Requests may be authenticated with a bundled/shared provider key unless the user supplies their own EASTMONEY_APIKEY.
The skill uses a credential-like API key, including a hardcoded default, to access the Eastmoney API. This is expected for the service integration but should be visible to users.
apikey = os.environ.get("EASTMONEY_APIKEY", "mkt_Z19TUfMY79_44k4wZsAHIVGVva0-g8PxD_DkBDQx2iM")Use your own Eastmoney API key if available, and treat the bundled key as a provider-access detail rather than a private user credential.

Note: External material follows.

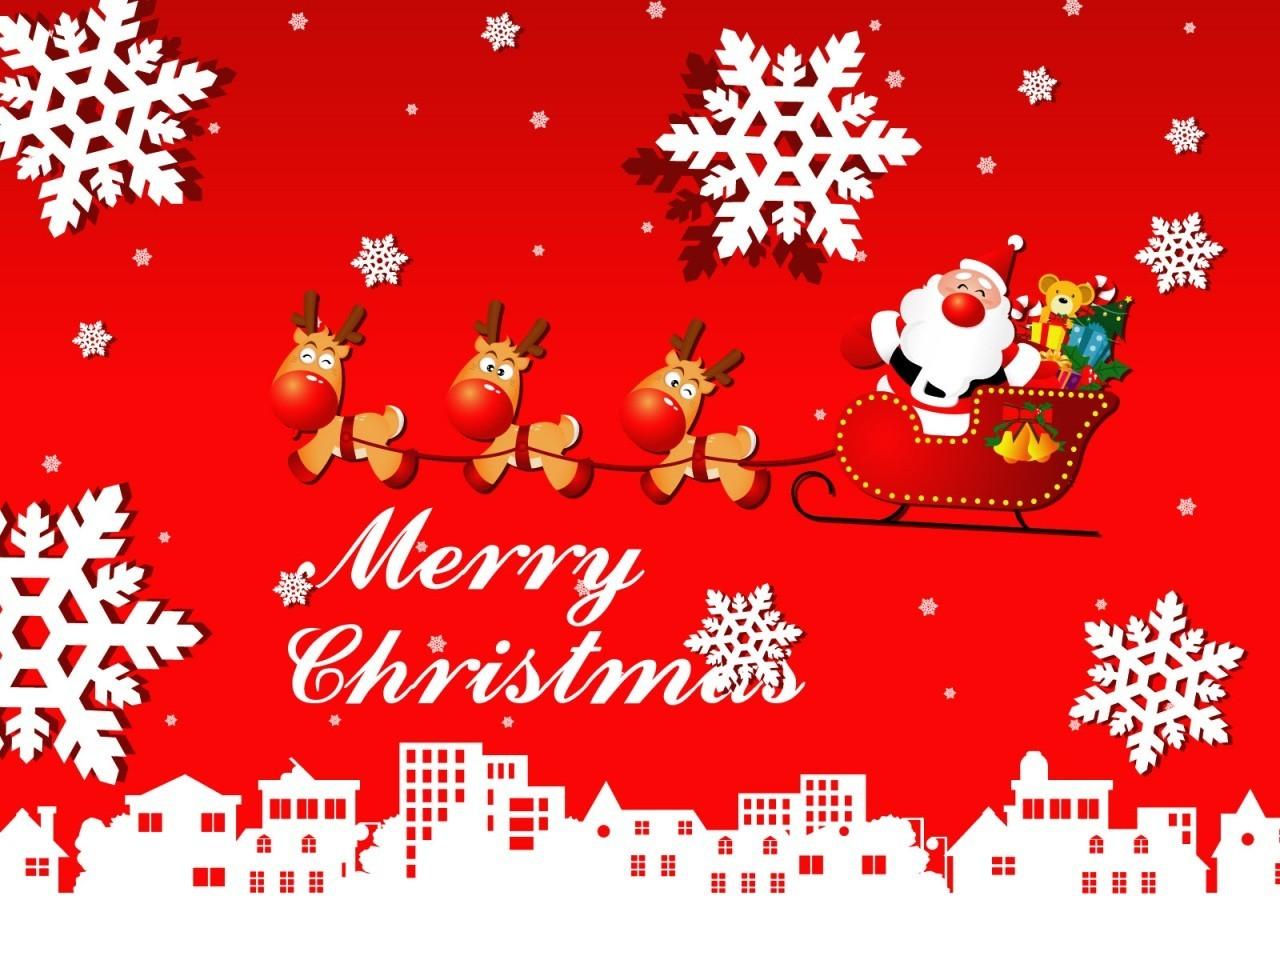 http://4.bp.blogspot.com/-IwTQqYmlCBc/UNlTgfPYyaI/AAAAAAAAABA/ohM8IfCp0z0/s1600/Merry-Christmas-Greetings-Cards-5.jpg

Financial queries, including any personal or confidential details included in them, are transmitted to Eastmoney's API.
The user's query and API key are sent to an external Eastmoney endpoint. This is disclosed and aligned with the search purpose, but it means query text leaves the local environment.
url = "https://mkapi2.dfcfs.com/finskillshub/api/claw/news-search" ... data = {"apikey": apikey, "query": query}Avoid including sensitive personal, account, or confidential business details in search queries unless you are comfortable sending them to the provider.
Running the script can leave local text files containing the user's query and returned financial information.
The script writes successful query results to a timestamped text file in the current working directory. This is a scoped, purpose-aligned output behavior, but users should expect local files to be created.
save_to_file(query, result) ... with open(full_filename, "w", encoding="utf-8-sig") as f:
Run it from an appropriate working directory and delete saved result files if you do not want them retained.